Выбрать главу

Благодаря провидению — так распорядилась судьба — я родился в Тбилиси, столице Грузии, под солнцем которой и рос. А покинув её в 1961 году в воинском эшелоне призывников, я ещё много лет тосковал по ней, по её горам с альпийскими лугами и снежными шапками. И хотя по истечении нескольких десятков лет, конечно, острота тоски значительно притупилась, но как хотелось бы снова хоть разок оказаться на сглаженных вершинах горной гряды, тянущейся вдоль Тбилиси по правому берегу Куры, оказаться там майским днём, когда в одночасье всё обливается белым цветом подснежников, затем раскрываются тюльпаны, через несколько дней — ковёр из кроваво-красных маков, а ещё через месяц видны только плавные волны серебристого ковыля. И всё это так очаровывает, захватывает дух, что мы, мальчишки, казалось, лишённые сентиментальности, часами, рассевшись по уступам скал какой-нибудь доминирующей вершины, молча смотрели и не могли насмотреться на расстилающиеся под нами цветные склоны и долины.

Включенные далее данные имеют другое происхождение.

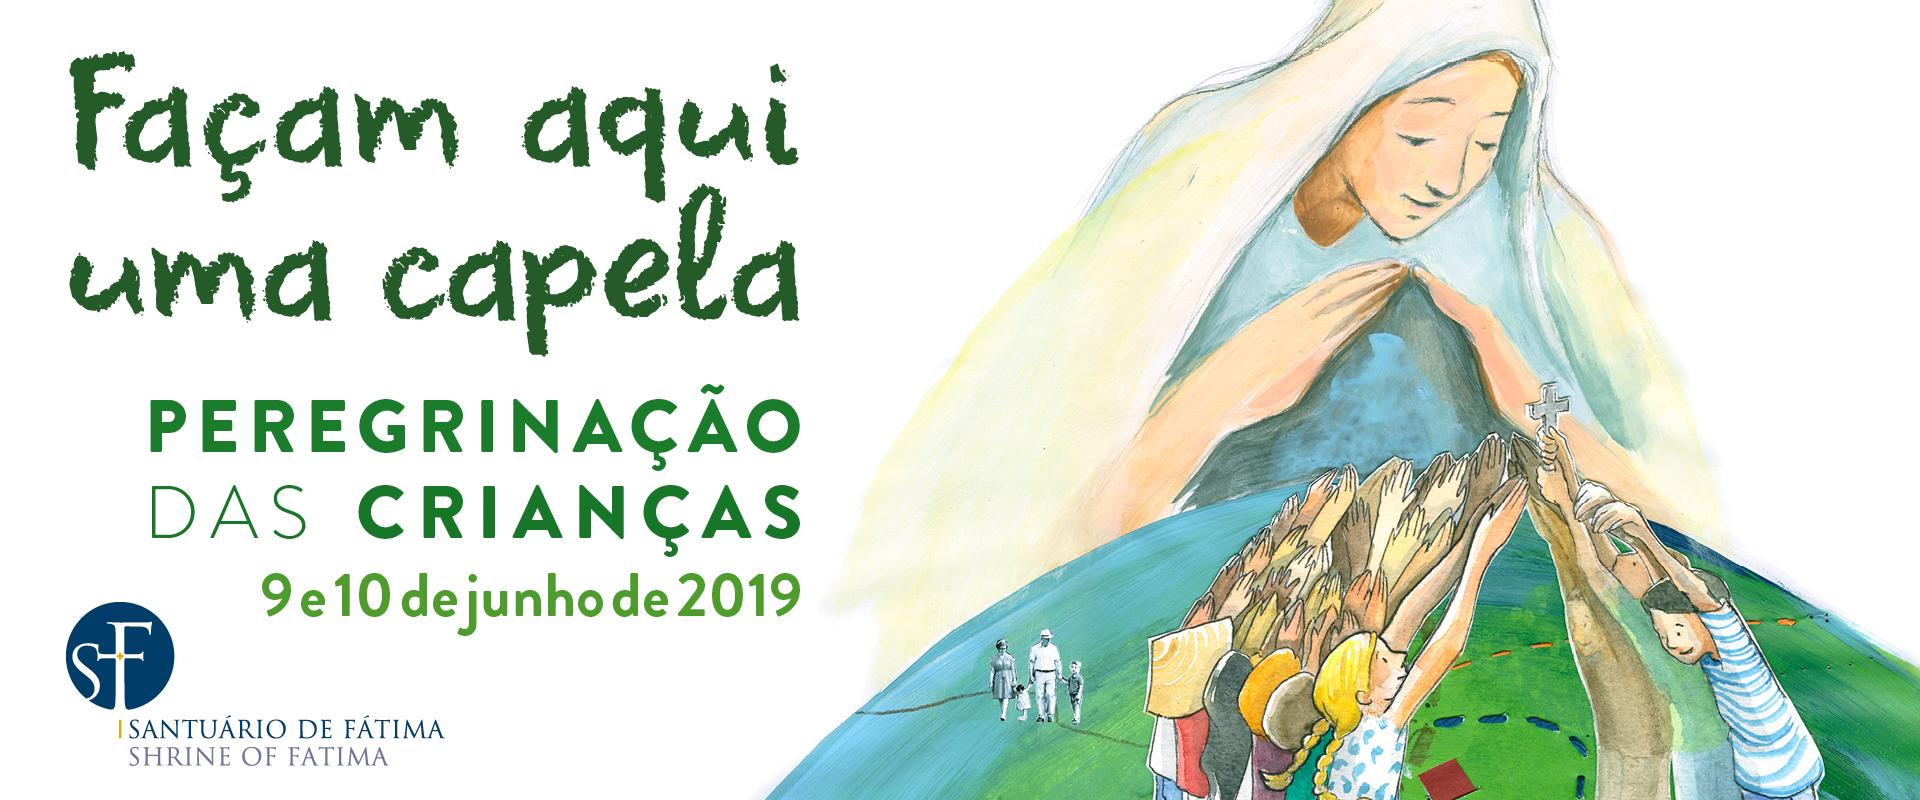 2019-04-05_Peregrinacao_Criancas2019.jpg

В 1953 году (мне 11 лет) из сталинки мы переехали жить в один из домов, предназначенных для рабочих обувной фабрики. Таких домов у неё было немало. Сначала, сразу после войны, фабрика строила эти дома в виде бараков со сквозным узким коридором, по обе стороны которого располагались отсеки-комнатушки. Все «удобства», естественно, были на улице. В почти сгнивших бараках, которые и домами-то назвать было нельзя, люди ещё жили и в то время, когда меня призвали в армию. Эти бараки располагались через дорогу от обувной фабрики, на берегу Куры.

Позже, в конце 40-х годов, фабрика стала строить так называемые стандартные дома. Это были двухэтажные деревянные дома, на три подъезда каждый, оштукатуренные поверх дерева снаружи и изнутри. Почему их называли «стандартными», я не знаю, но почтовый адрес так и звучал: г. Тбилиси-13, обувная фабрика № 1, стандартный дом № 3, второй подъезд, комната 25. Вот по этому адресу мы с матерью и жили после переселения из сталинки.

Эти дома стояли группой между стадионом авиазавода и обувной фабрикой, метрах в полутораста от улицы Богдана Хмельницкого, у подножия горной возвышенности, склоны которой на момент переселения были пустыми, в смысле незастроенными, и мы, дети, часто проводили свой досуг на этих склонах.

Трёхкомнатная квартира, в которой была и наша комната, находилась на втором этаже, и проживало в ней четыре семьи. Четвёртая семья — мать и сын Сучковы — жили в помещении, предназначенном по проекту для кухни. В квартире имелось ещё одно помещение — общая кладовка размером 1 на 2 метра, но к моменту нашего переезда в ней не было ни одного свободного квадратного сантиметра, поэтому мы с матерью, в отличие от соседей, ею не пользовались, но зато наш балкон, хоть и крошечный, был предметом их зависти. Балкончик мы использовали в качестве своей кухни.

Площадь комнаты была всего 9 квадратных метров, но это считалось нормальным, ведь у некоторых в этом доме было гораздо меньше (всего по 2 кв. м) — это кладовки, куда людей вселяли как в жилые комнаты. В такой комнате-кладовке помещалась только одна кровать солдатского типа.

Я знал семью из двух человек (мать и маленький сын), которая жила в такой двухметровой «комнате». Прямо из коридора через дверь они ложились в одну кровать, ходить в такой «комнате» было негде. Все свои вещи они хранили под кроватью и на полках. А до этой кладовки они жили в так называемом семейном общежитии, состоящем из довольно-таки больших (метров по 15–20) комнат, в каждой из которых проживало по 5–8 семей. А семьи (супруги, их дети, а часто и их старики) располагались по «отсекам», отделившись друг от друга занавесками на верёвках. Надо представить себе жизнь в таких условиях! Люди были рады переехать оттуда даже в кладовку на два квадратных метра.